- **What the task asks**: Transcribe every line of the material below without change, apart from dropping the pictures.

- **Given information**:
☆ ☆ ☆ ☆ ☆

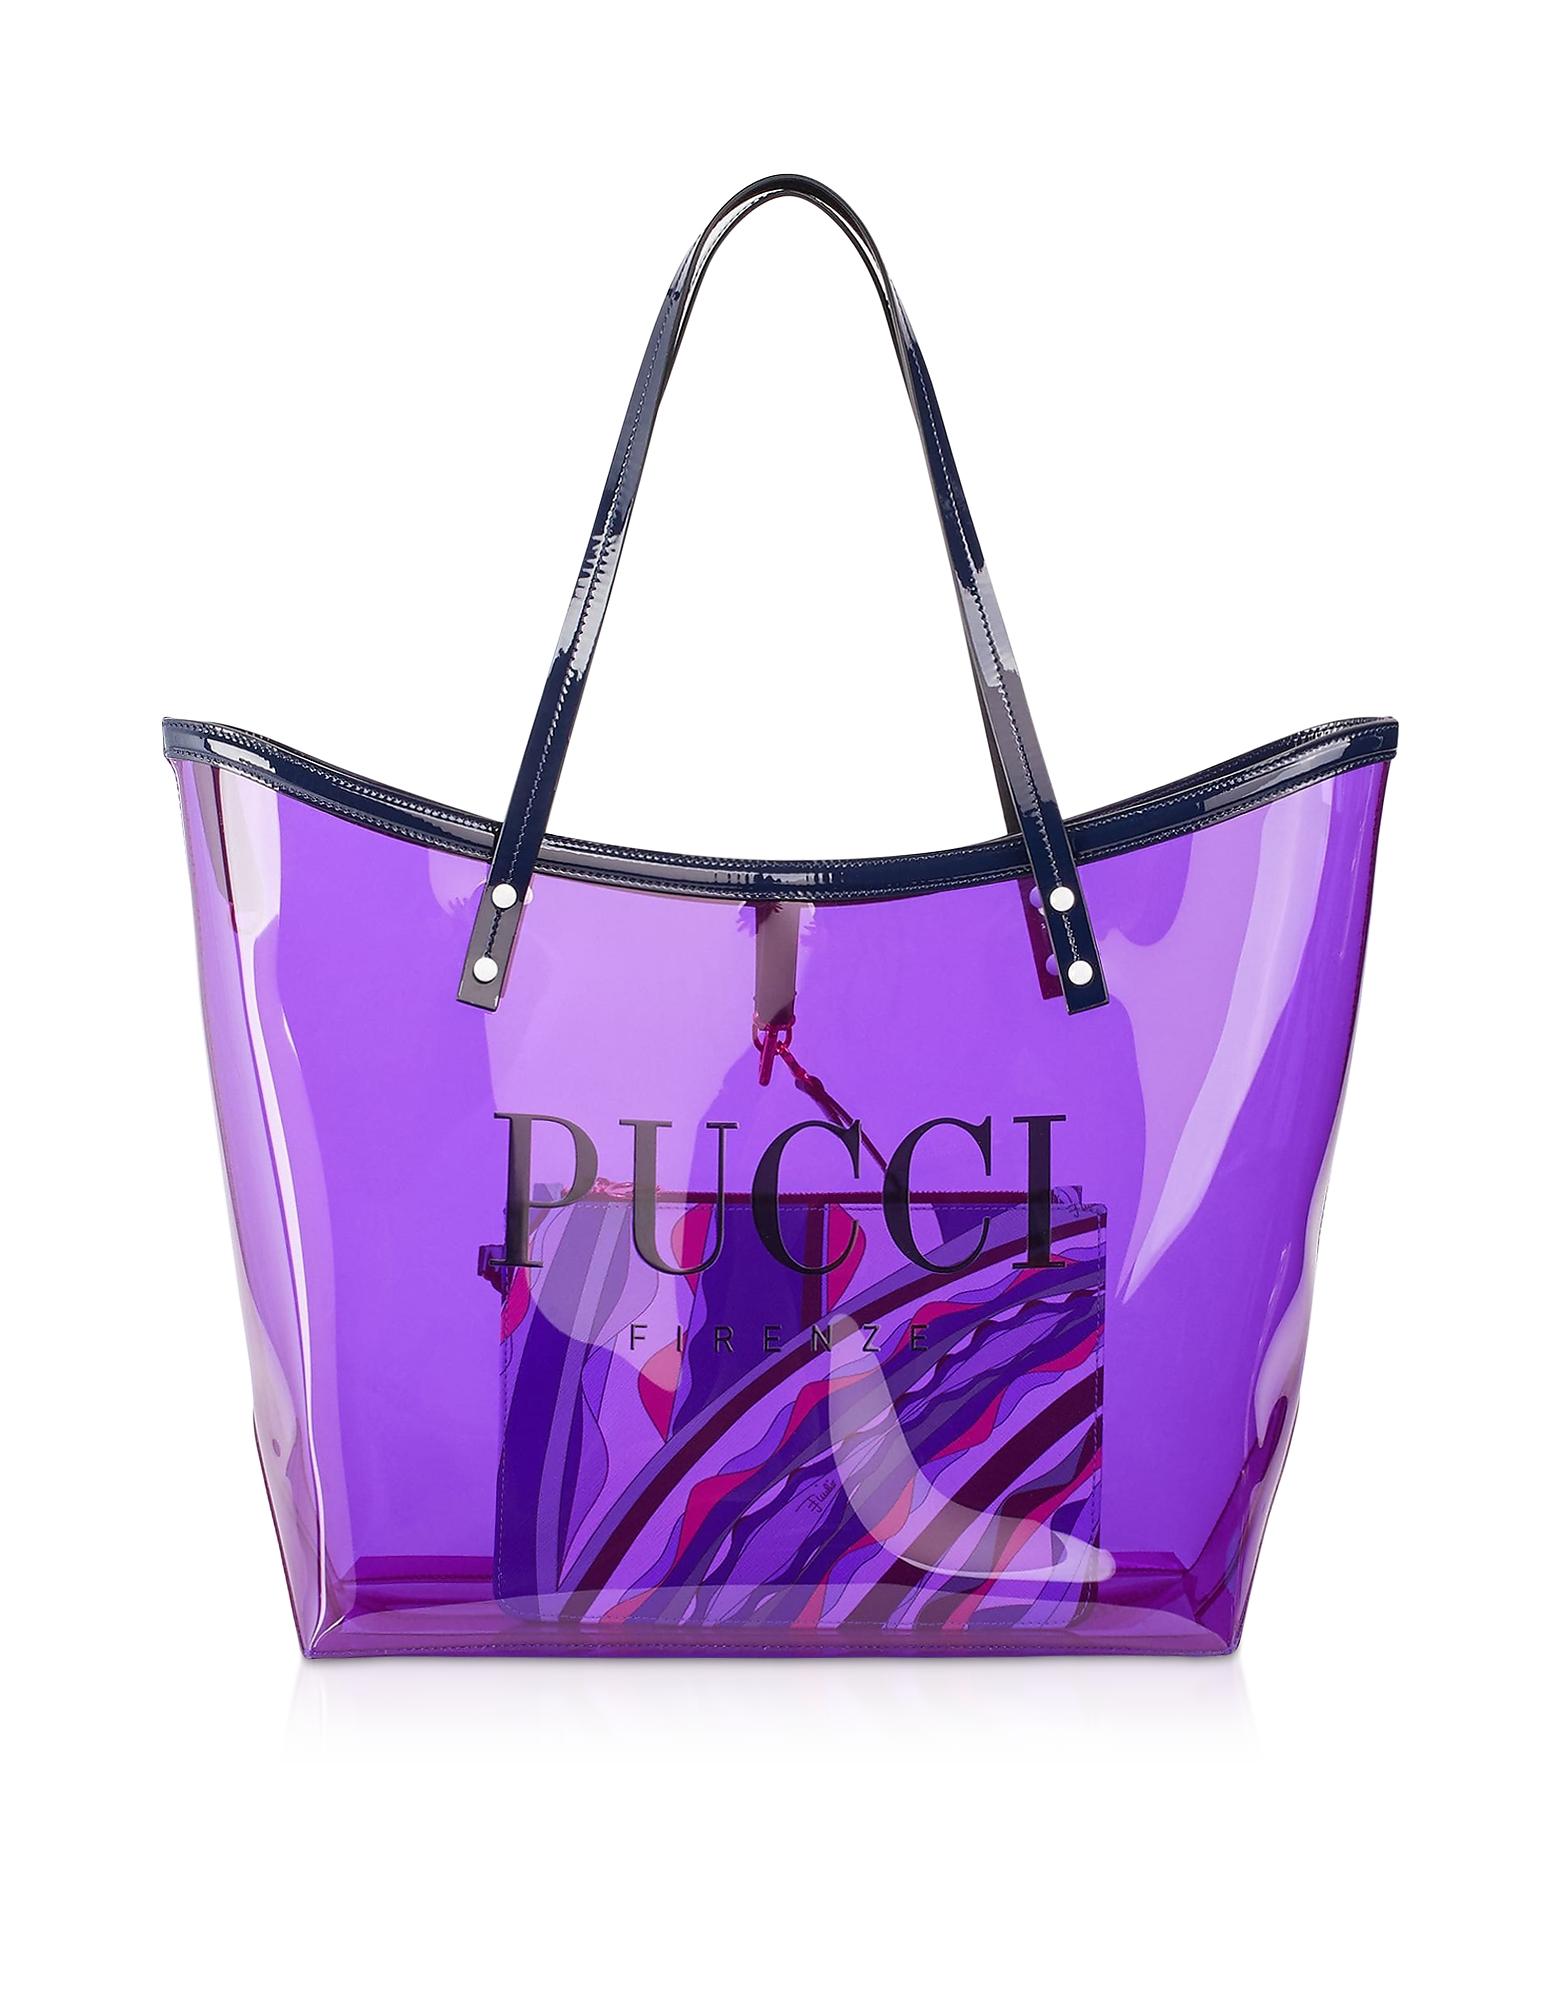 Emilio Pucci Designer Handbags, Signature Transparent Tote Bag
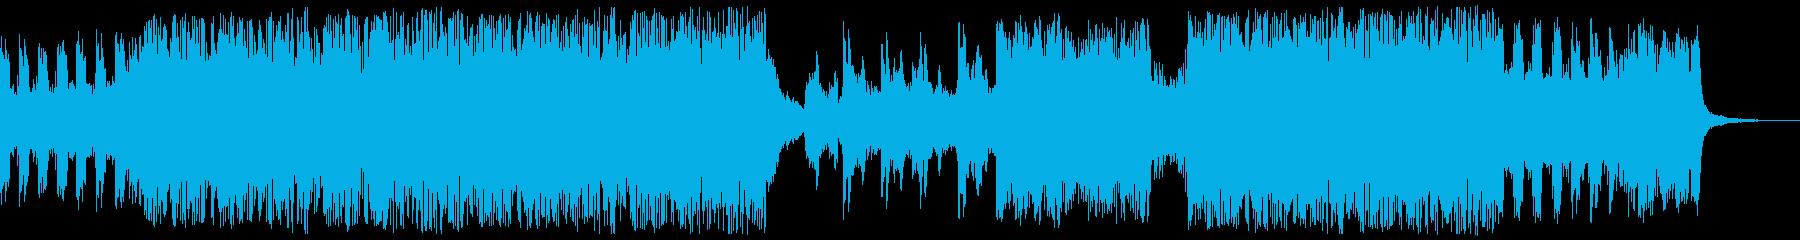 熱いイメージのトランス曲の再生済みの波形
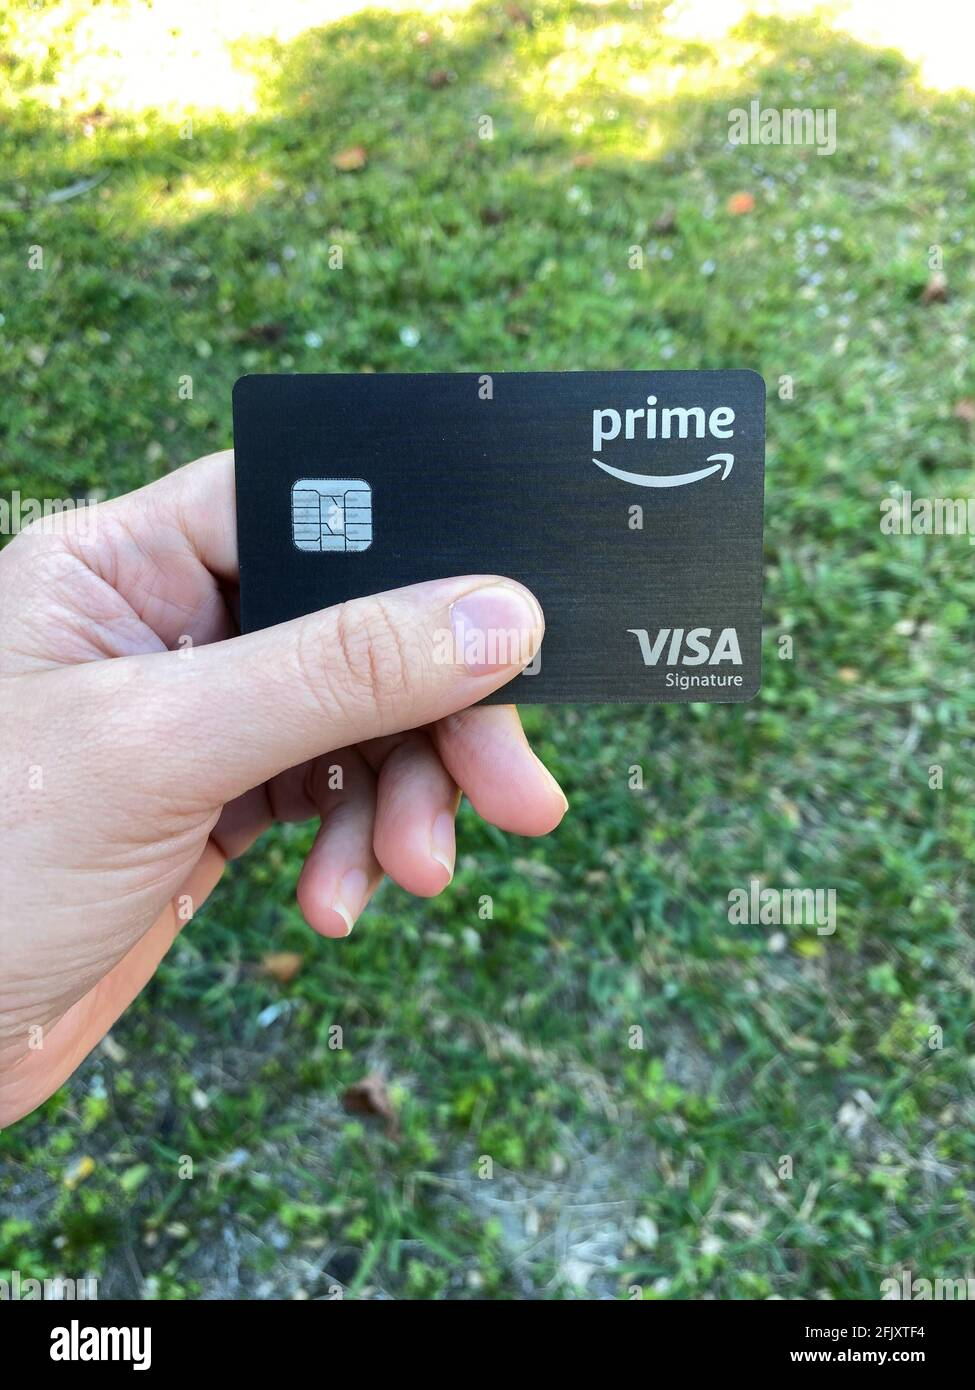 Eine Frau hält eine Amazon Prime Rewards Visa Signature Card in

☆ ☆ ☆ ☆ ☆

- **Task answer**:
 Emilio Pucci Designer Handbags, Signature Transparent Tote Bag
 熱いイメージのトランス曲の再生済みの波形
 Eine Frau hält eine Amazon Prime Rewards Visa Signature Card in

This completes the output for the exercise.